# [Entries provided]
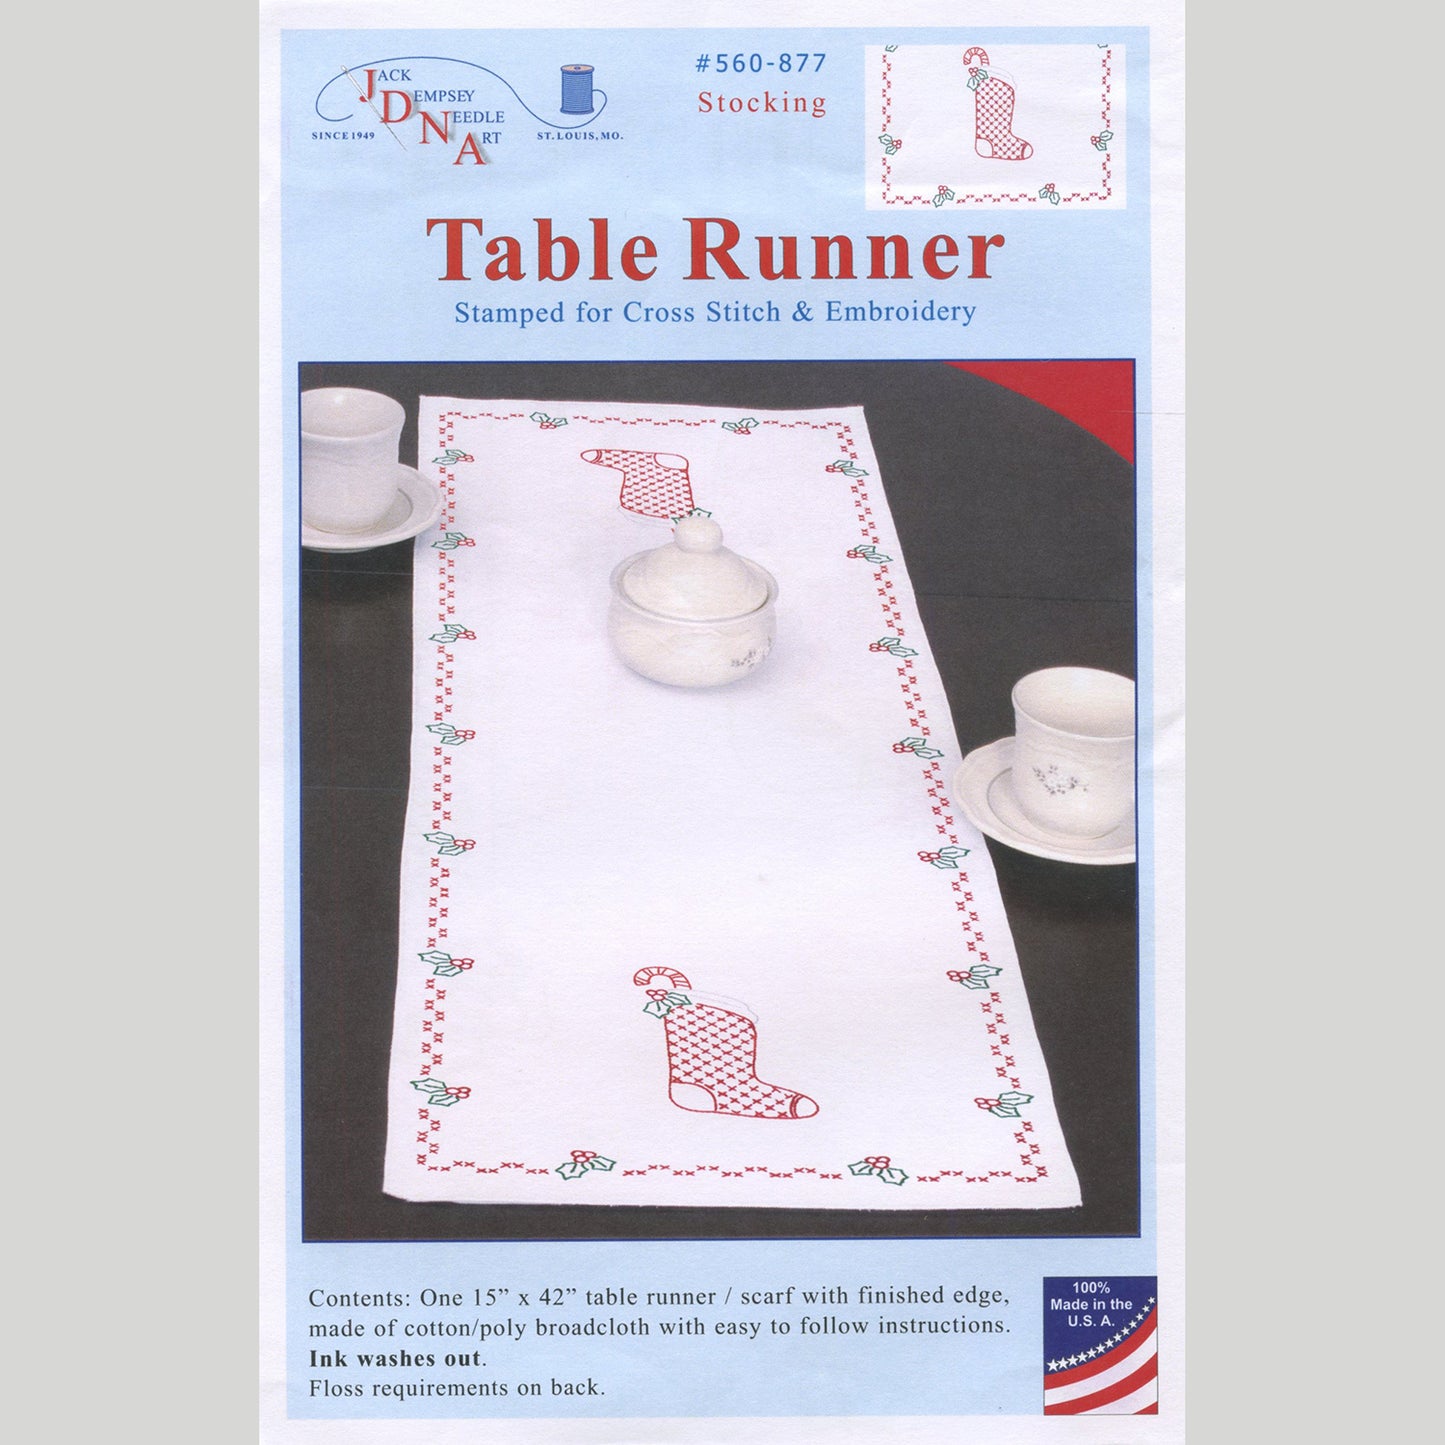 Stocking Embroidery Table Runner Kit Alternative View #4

==

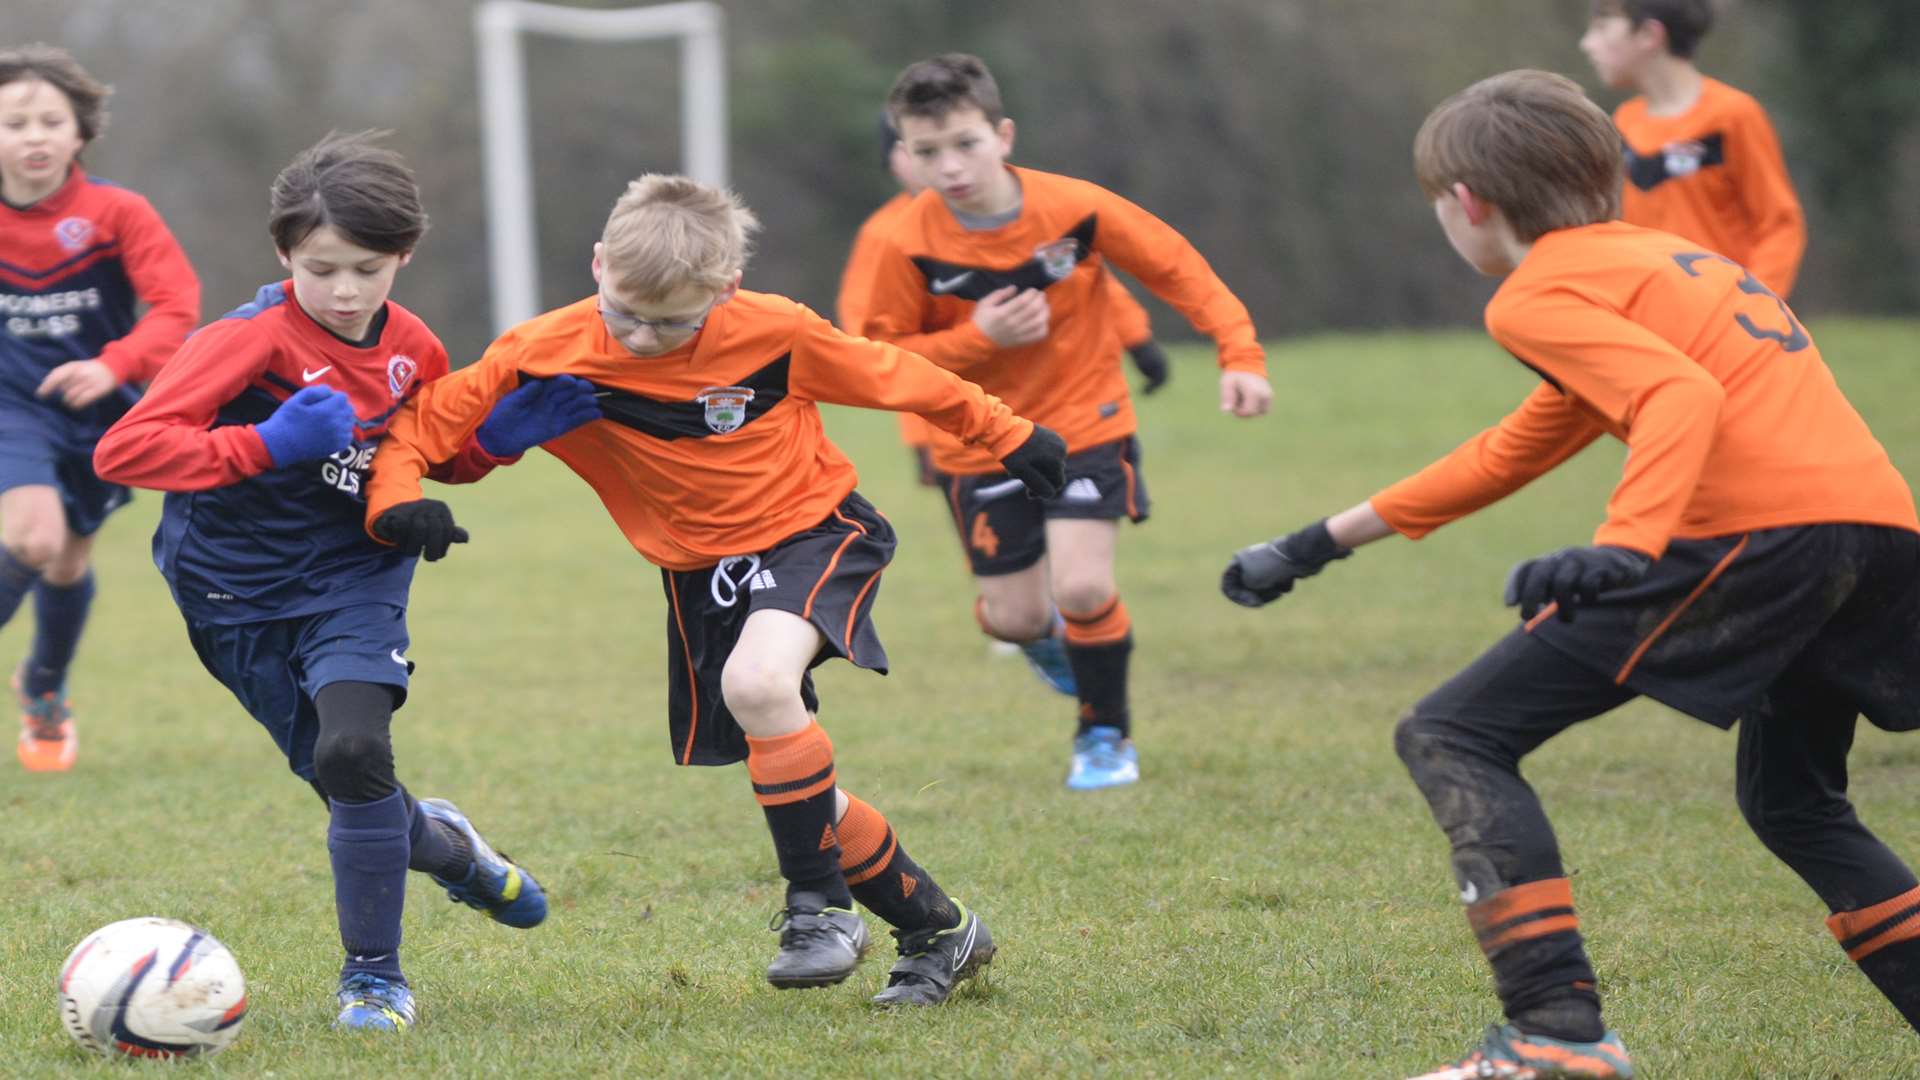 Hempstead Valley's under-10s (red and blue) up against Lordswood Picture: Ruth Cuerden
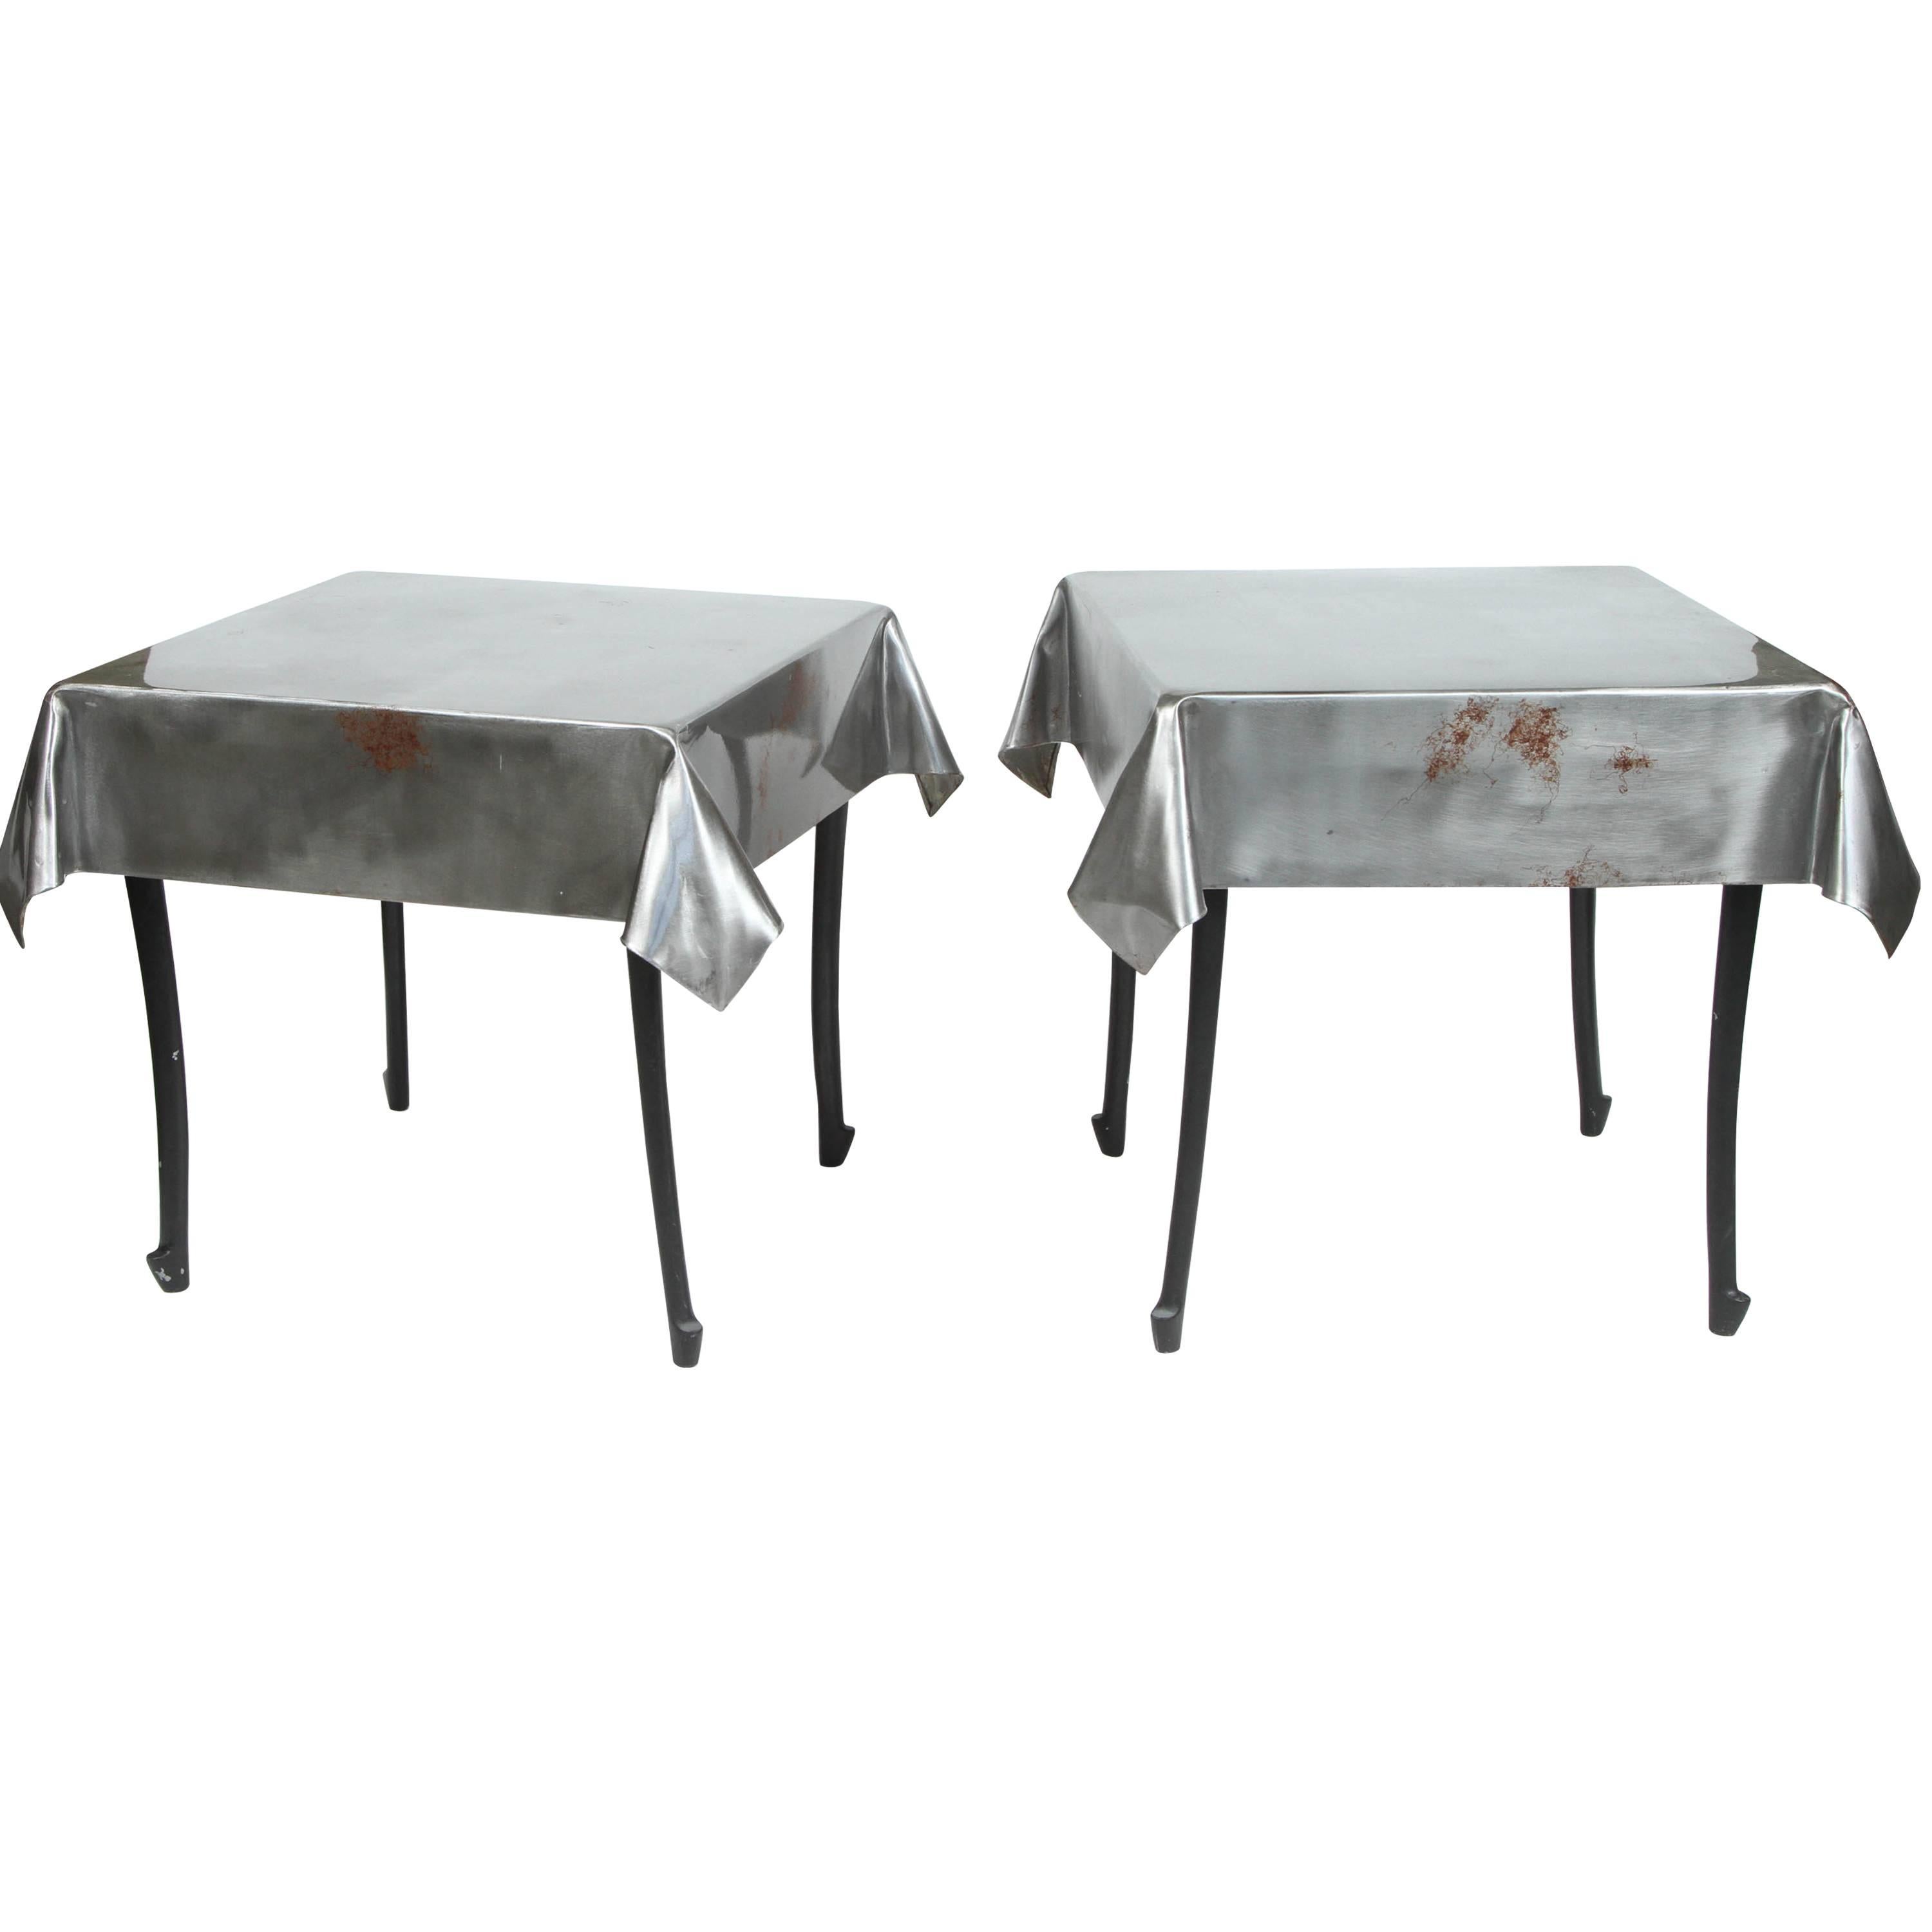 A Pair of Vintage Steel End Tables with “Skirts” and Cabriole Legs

# [Action item]
Word for word, restate the lines above from the one with "Hempstead Valley's under-10s" through the one with "A Pair of Vintage", keeping both ends and dropping the pictures.

# [Expected answer]
 Hempstead Valley's under-10s (red and blue) up against Lordswood Picture: Ruth Cuerden
 A Pair of Vintage Steel End Tables with “Skirts” and Cabriole Legs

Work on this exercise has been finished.